Mark Warburton has got some sort of handle on Govan tradition. “We are Rangers Football Club,” he said post-match, in one of those defiant statements which you think might be the cue for a song. “We don’t lose 4-1.” But a Swiss cheese defence – and that’s without Philippe Senderos – is not part of the culture and Corky Young and the rest will surely be burling in their graves right now.

Warburton’s Rangers like to pass the ball around. Even his goalkeeper Wes Foderingham likes to pass the ball around. But he’s not Beckenbauer and no-one in this defence is. No one-even comes close to Ronnie McKinnon.

These erratic displays from Rob Kiernan must be making the faithful pine for the erratic displays of Lorenzo Amoruso. The big Italian love-god was a sensational player but very often only in his own head. He did, however, fire the ball out of harm’s way on a semi-regular basis. These would be passes hit with the velocity of strikes on goal, sometimes winding more than one ballboy as they hurtled out of the park, but at least danger was averted.

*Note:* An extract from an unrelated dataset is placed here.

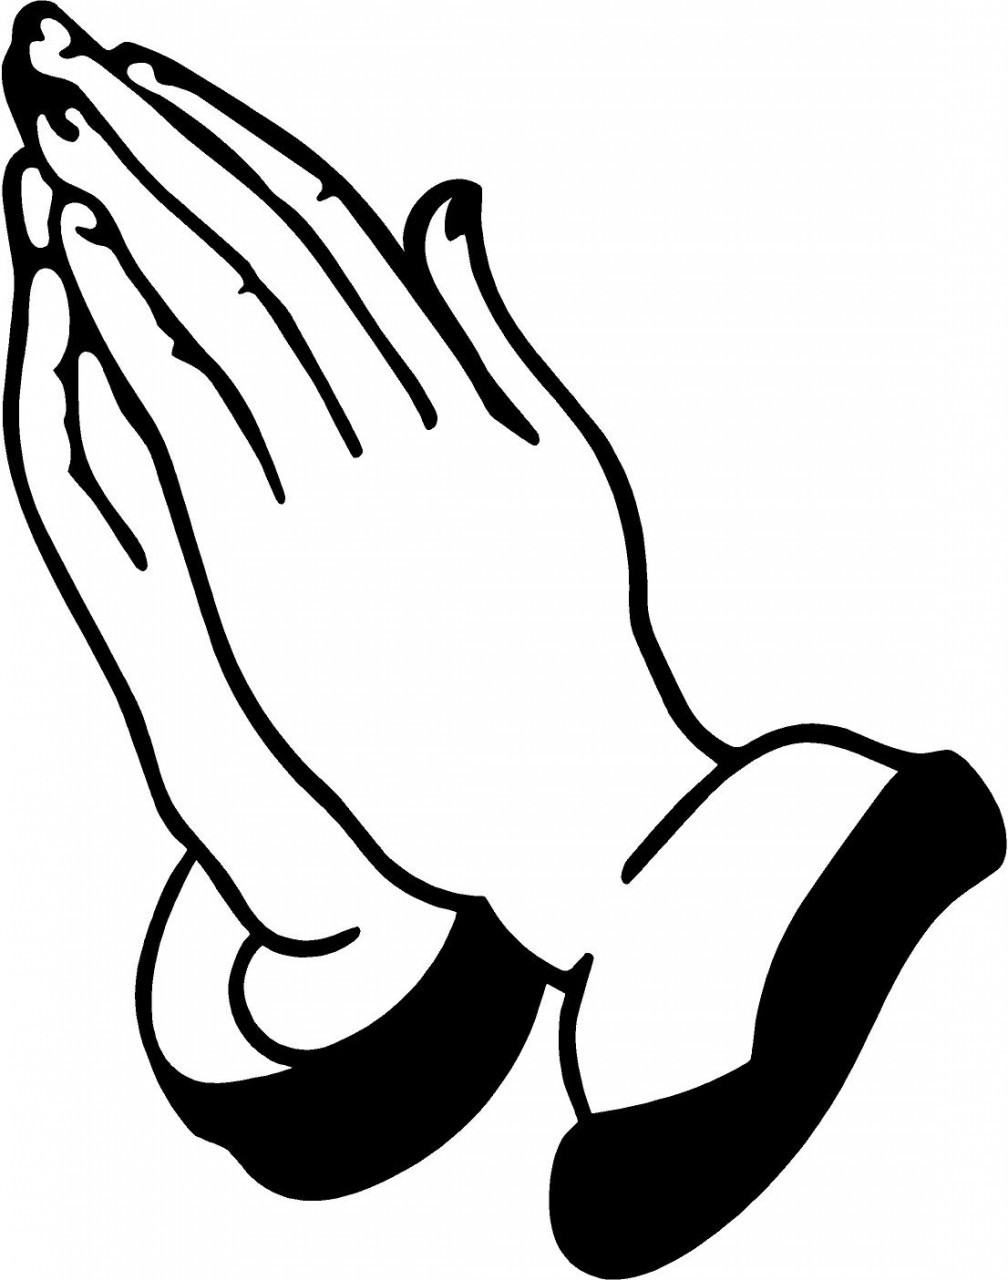 free clipart praying hands black and white - photo #26

James Tavernier must have been telling all his pals that Scottish football was a skoosh after gamboling around Championship grounds and stunning the second-tier with his thumping free-kicks and swinging crosses. He got a lot of hype, almost as if he was some kind of missionary, bringing modern wing-back play to simple folks, and his reputation went before him when he arrived in the Premiership. Life there has been a good bit more challenging.

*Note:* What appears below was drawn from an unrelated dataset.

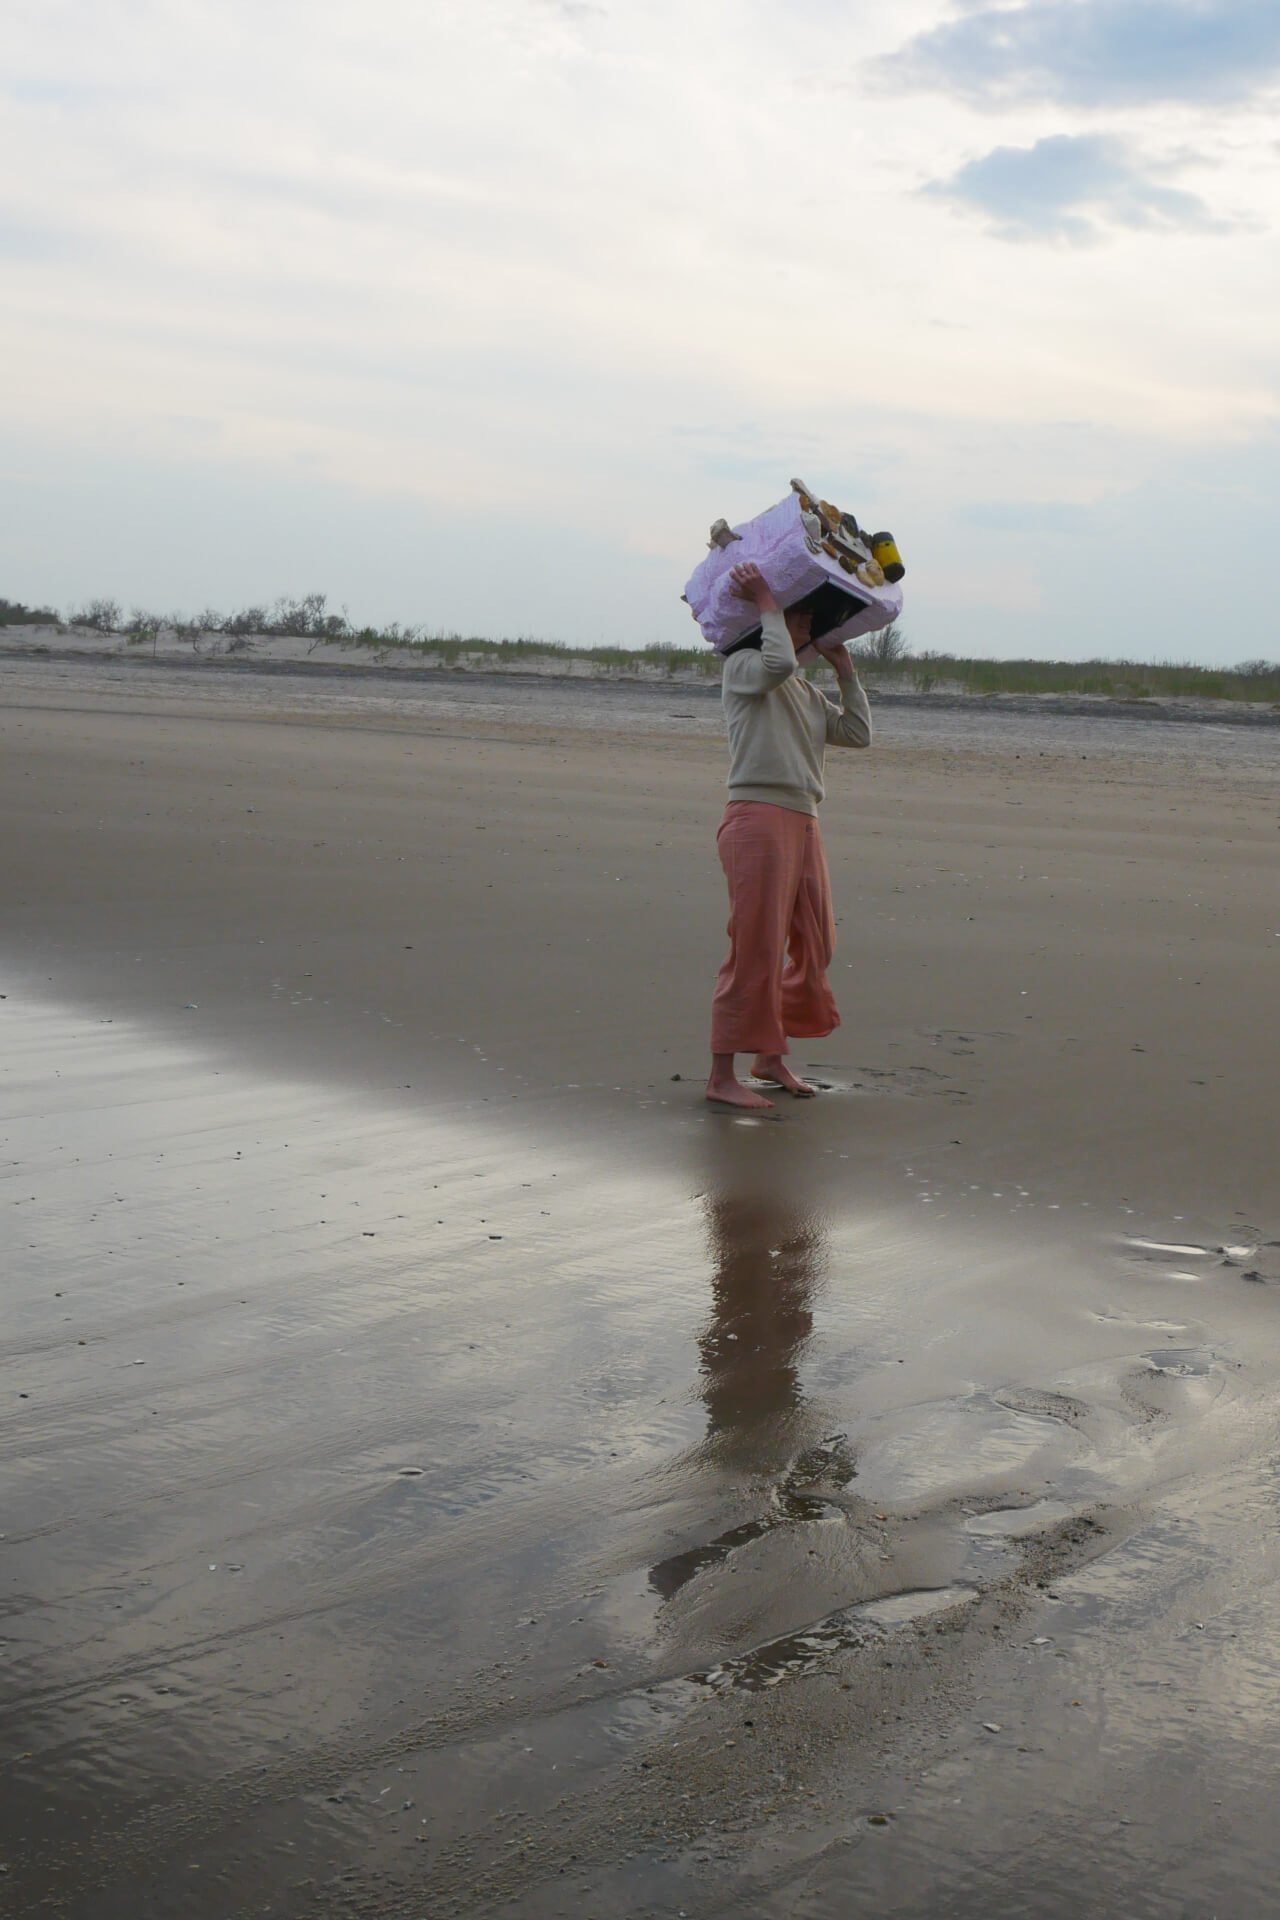 A person standing on the beach wearing a Plastic Dance helmet dancing.

Clint Hill has a great name. Anyone called Clint should be redoubtable and he often has been this season, one of Warburton’s better signings as the manager struggles to convince in his transfer dealings. But Hill, not yet over the hill, can sometimes look his age (38) and on Wednesday Bjorn Johnsen was able to surge beyond him quite straightforwardly to set up Hearts’ third.

Lee Wallace, normally one of Rangers’ dependables, has been caught up in the defence’s grim melodrama and – with Warburton, left, adamant that his team are doing “all right” and unwilling to compromise his football philosophy, even when playing out from the back on such a wretched playing surface as Tynecastle – the faithful are being required to yearn for the return from injury of Danny Wilson.

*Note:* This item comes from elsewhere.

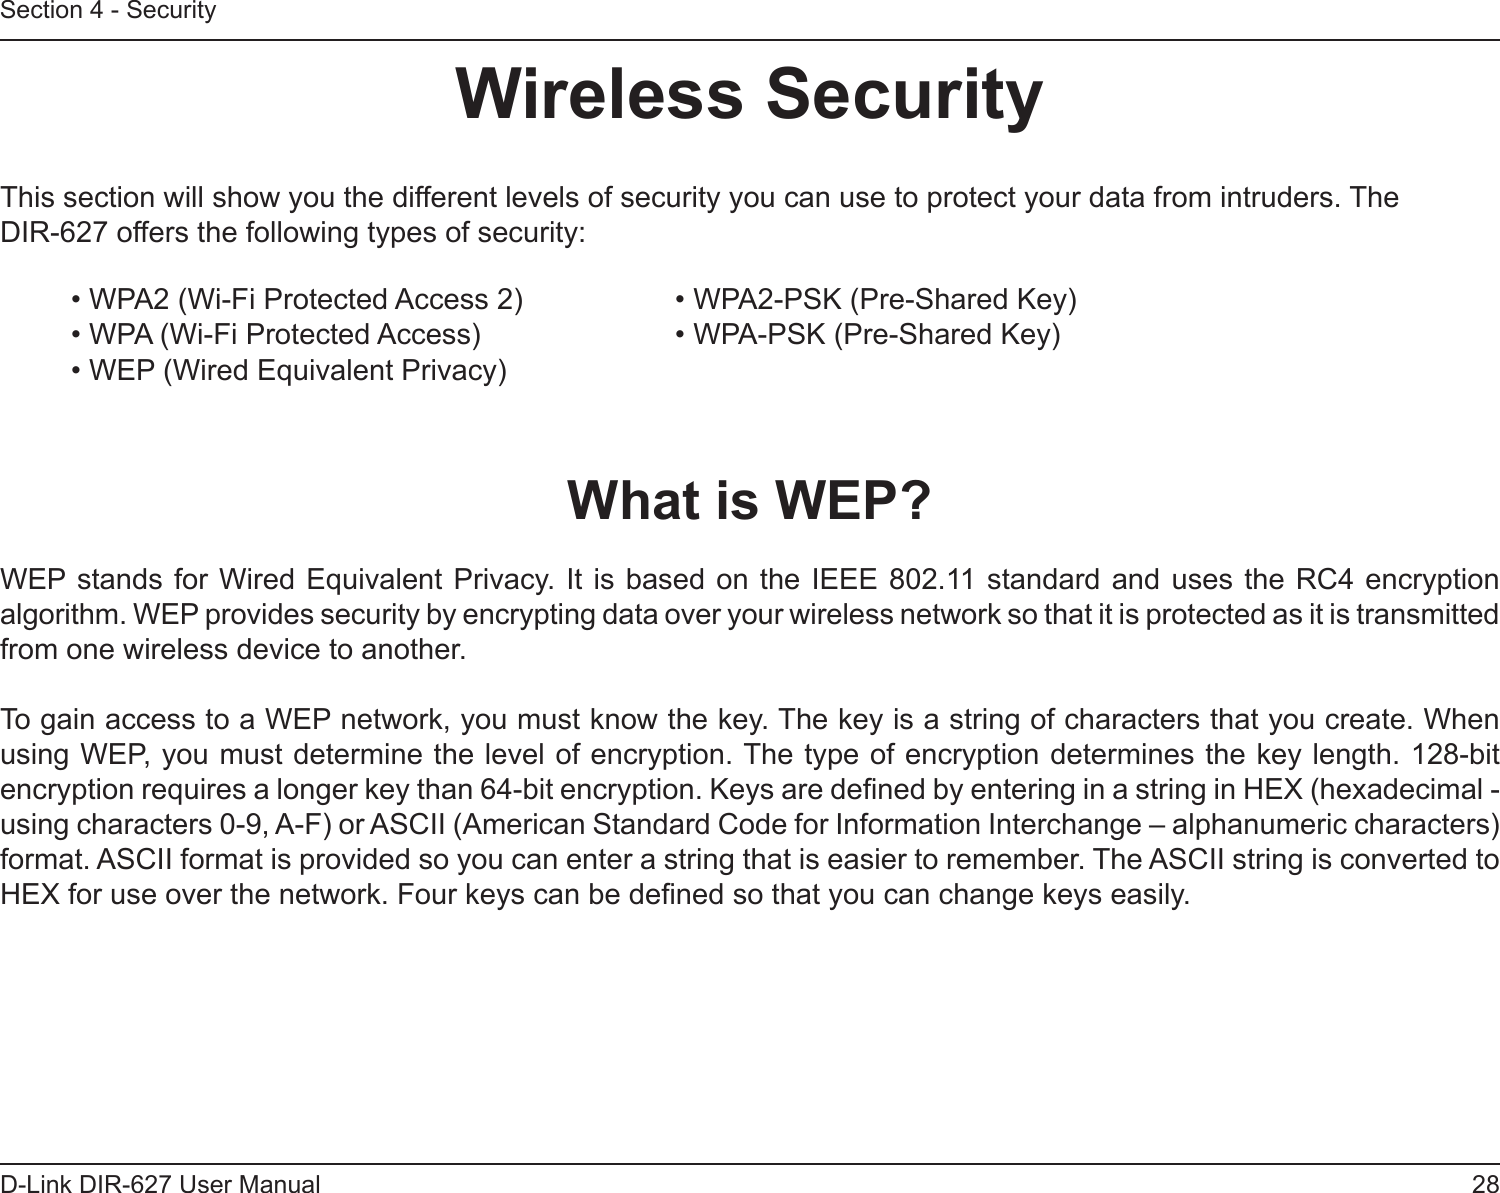 28D-Link DIR-627 User ManualSection 4 - SecurityWirelessSecurityThis section will show you the different levels of security you can use to protect your data from intruders. The DIR-627 offers the following types of security:• WPA2 (Wi-Fi Protected Access 2)     • WPA2-PSK (Pre-Shared Key)• WPA (Wi-Fi Protected Access)      • WPA-PSK (Pre-Shared Key)• WEP (Wired Equivalent Privacy)WhatisWEP?WEP stands for  Wired Equivalent Privacy. It is based  on the IEEE 802.11 standard and  uses the RC4 encryption algorithm. WEP provides security by encrypting data over your wireless network so that it is protected as it is transmitted from one wireless device to another.To gain access to a WEP network, you must know the key. The key is a string of characters that you create. When using WEP, you must determine the level of encryption. The type of encryption determines the key length. 128-bit encryption requires a longer key than 64-bit encryption. Keys are dened by entering in a string in HEX (hexadecimal - using characters 0-9, A-F) or ASCII (American Standard Code for Information Interchange – alphanumeric characters) format. ASCII format is provided so you can enter a string that is easier to remember. The ASCII string is converted to HEX for use over the network. Four keys can be dened so that you can change keys easily.

If the manager’s signing policy is being subjected to close scrutiny then some fans must surely be questioning his release policy as well, especially when they see the form of Darren McGregor at Hibernian. The centre-back is playing the football of his life right now, and yet he wasn’t doing too badly when he was at Ibrox, being voted the club’s player of the year just before the arrival of Warburton, who promptly got rid of him. He’s one of the reasons Hibs lead the Championship and are more defensively solid under Neil Lennon, who told me recently: “I wish I had 11 Darren McGregors. That would make my job the easiest in the world. I admire his attitude, bravery, leadership, will-to-win – he’s a fabulous player.” Warburton didn’t need him, thought he could build a better defence without him, but on Wednesday – shockingly – the evidence of this wasn’t there.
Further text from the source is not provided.